Power-line-modem
In the 100 kHz application, the coupling network connects to the receiver section located at the bottom of the chip. The external components will be summarized later. The receive data output is pulled up through a resistor (RPuLL) valued at approximately 10 kΩ. A minimum current of 10 mA establishes the voltage drop across RPuLL. An additional voltage supply, VLoGJc, is available for users who wish to output data at TTL levels. The transmitter section is positioned at the top, with the oscillator network and the class configuration extending from right to left.
The circuit operates at a frequency of 100 kHz, utilizing a coupling network that effectively interfaces with the receiver section of the integrated circuit. This network is critical for ensuring that the signals are transmitted with minimal distortion and maximum fidelity. The receiver section is designed to interpret the incoming signals, and the output is configured to pull up through a resistor (RPuLL) of approximately 10 kΩ. This resistor plays a significant role in setting the logic levels of the received data, ensuring that the output is compatible with subsequent processing stages.
The current flowing through RPuLL is maintained at a minimum of 10 mA, which is essential for establishing a sufficient voltage drop across the resistor, thereby providing a reliable high logic level for digital communication. The presence of an additional voltage supply, labeled VLoGJc, allows for the flexibility of outputting signals at TTL (Transistor-Transistor Logic) levels, which is a standard voltage level for digital circuits, ensuring compatibility with various digital systems.
The transmitter section, located at the top of the chip, includes an oscillator network designed to generate the necessary carrier frequency for data transmission.
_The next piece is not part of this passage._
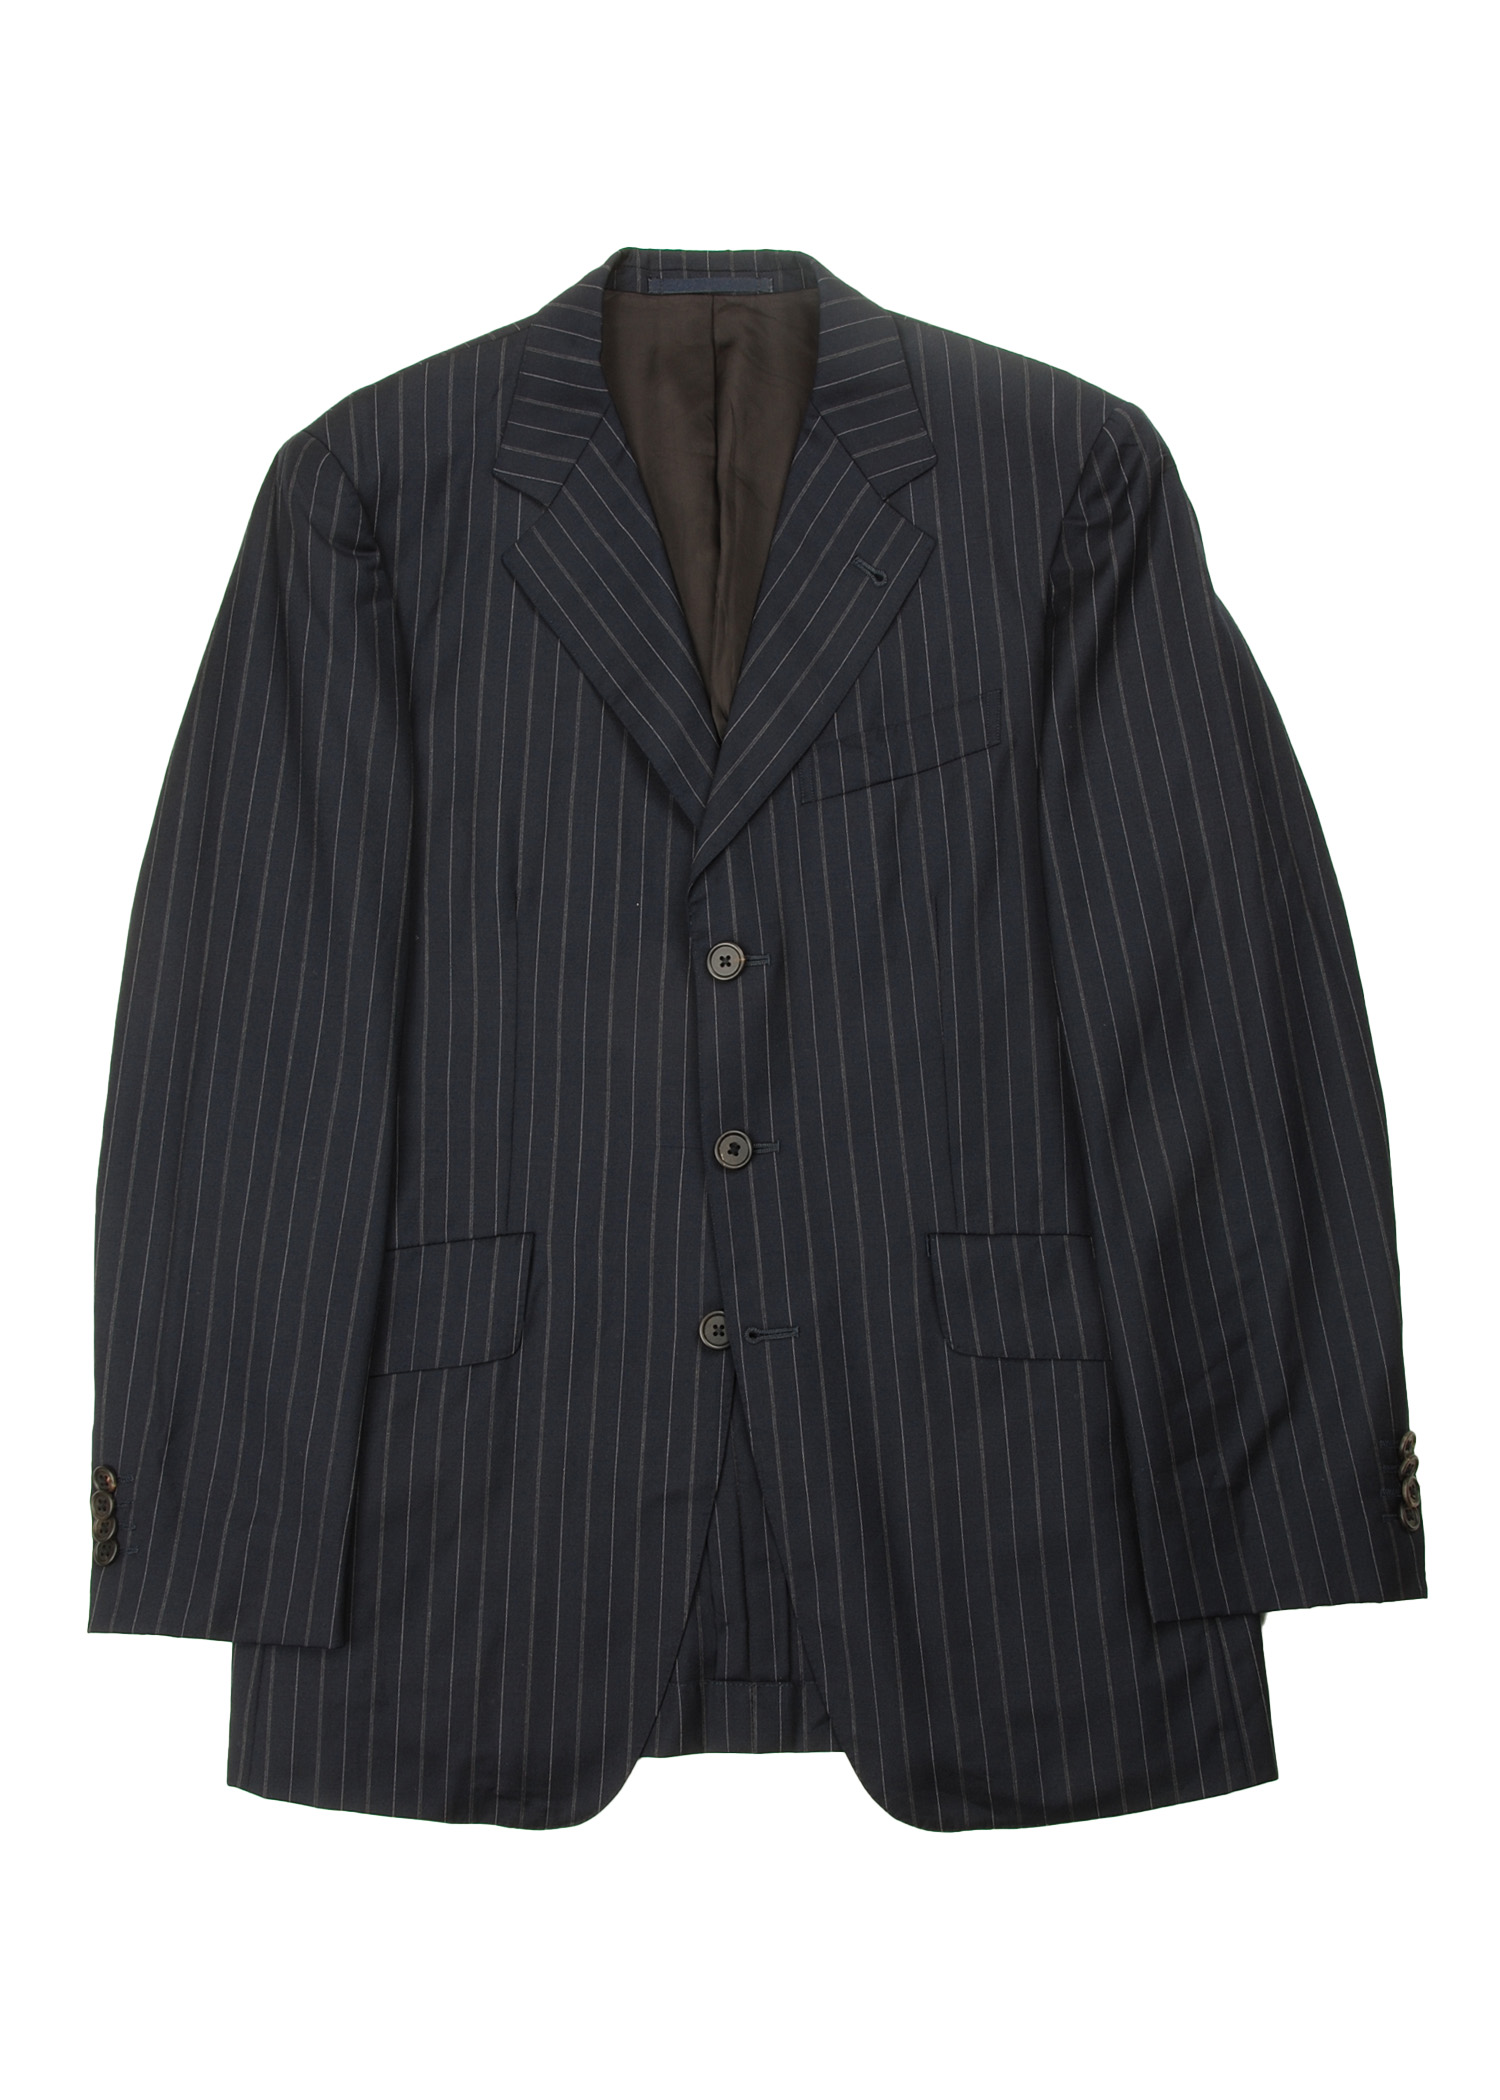 Paul Smith stripe jacket ( fabric by Loropiana)
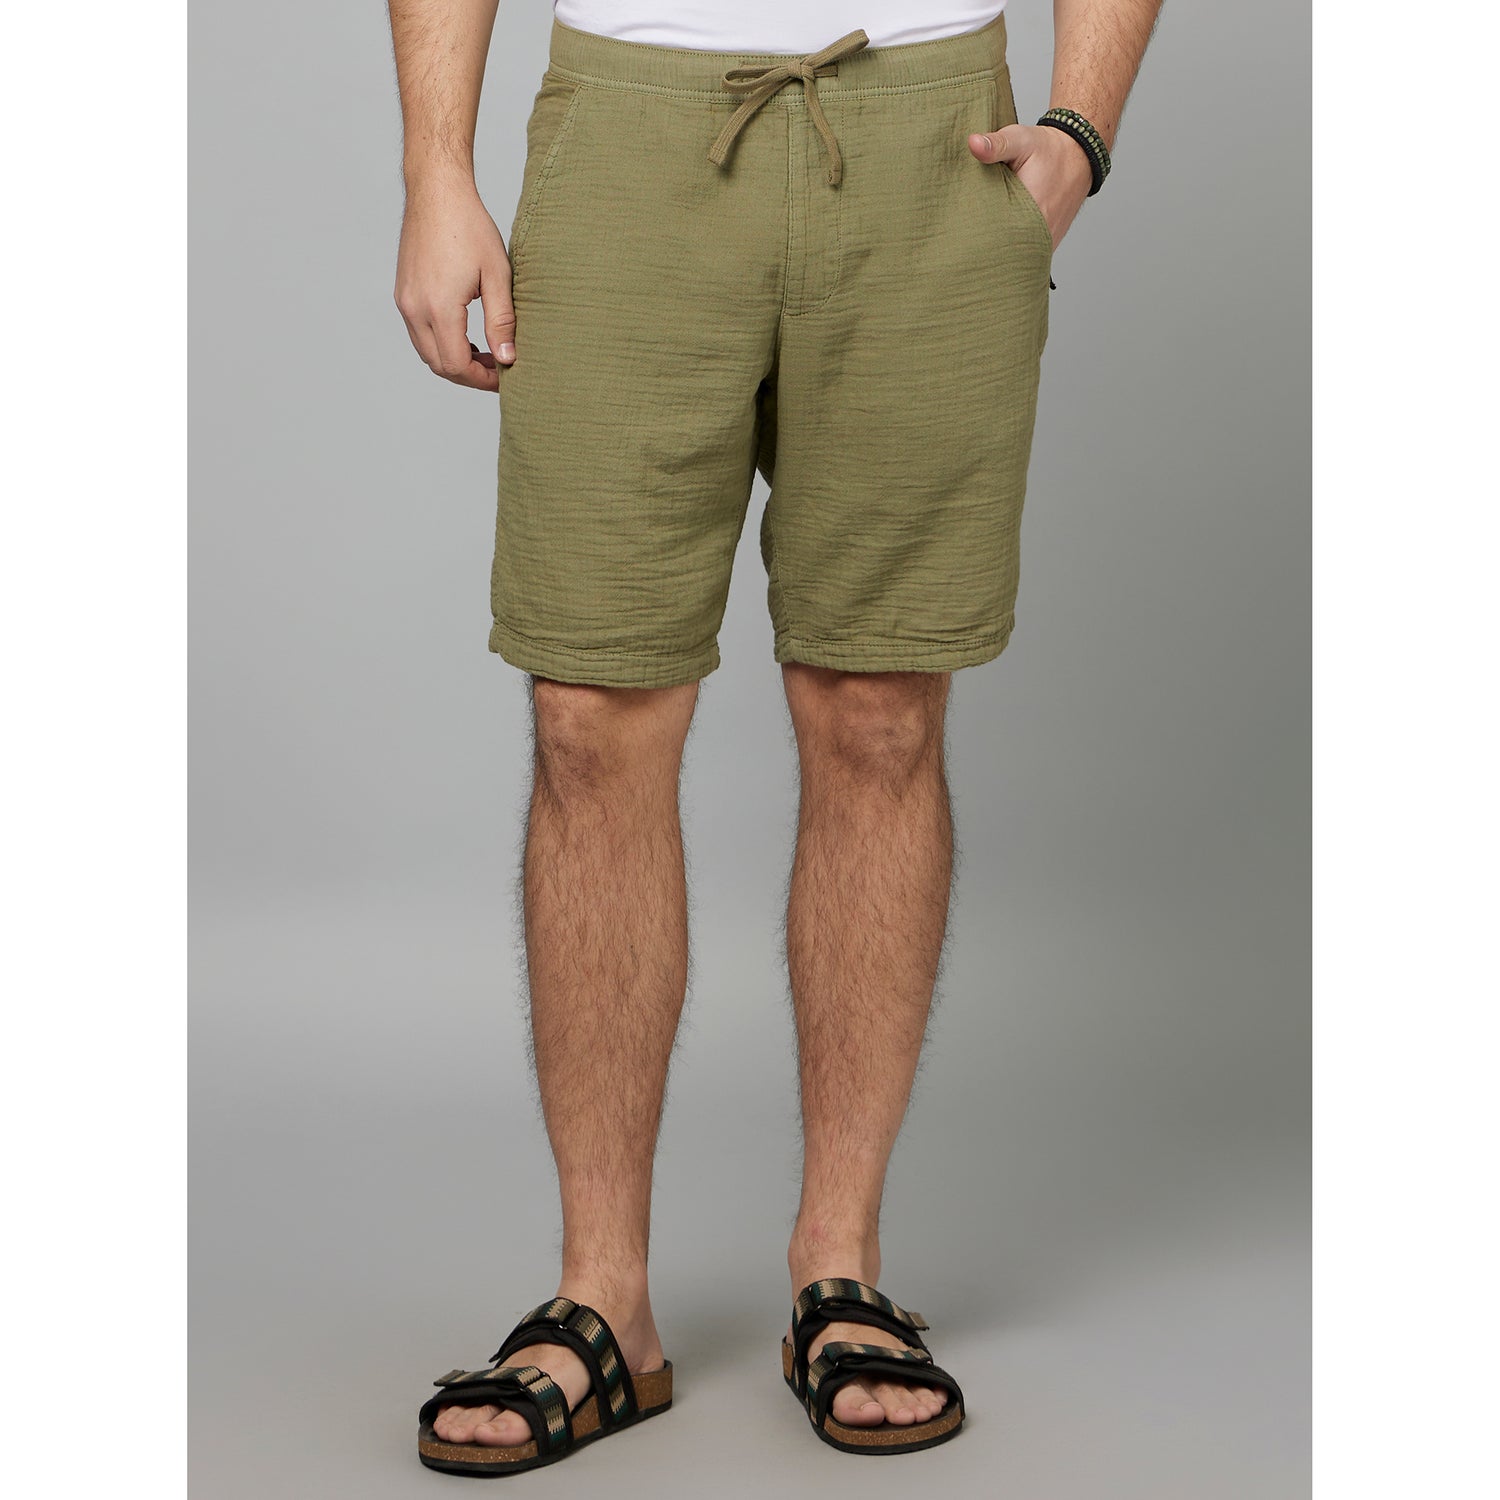 Olive Green Mid-Rise Regular Fit Casual Shorts (FOBOGAZEBM)

This section is crucial for modulating the data signal onto the carrier wave, allowing for effective wireless communication. The design of the transmitter and receiver sections is integral to the overall functionality of the circuit, ensuring efficient data transfer and reception while maintaining signal integrity across the specified operating frequency.In the 100-kHz application from left to right, the coupling network feeds into the receiver ~section on the bottom of the chip. (The external components are summarized later.) The receive data output is pulled up via RPuLL ~ 10 K!l.
A minimum current of 10 mA sets the voltage drop across RpuLL?? Another voltage supply, VLoGJc, is shown if the user wants to have the output sent at TTL levels. Across the top is the transmitter section; going from right to left, the oscillator network, the clas. 🔗 External reference
The circuit operates at a frequency of 100 kHz, utilizing a coupling network that effectively interfaces with the receiver section of the integrated circuit. This network is critical for ensuring that the signals are transmitted with minimal distortion and maximum fidelity. The receiver section is designed to interpret the incoming signals, and the output is configured to pull up through a resistor (RPuLL) of approximately 10 kΩ. This resistor plays a significant role in setting the logic levels of the received data, ensuring that the output is compatible with subsequent processing stages.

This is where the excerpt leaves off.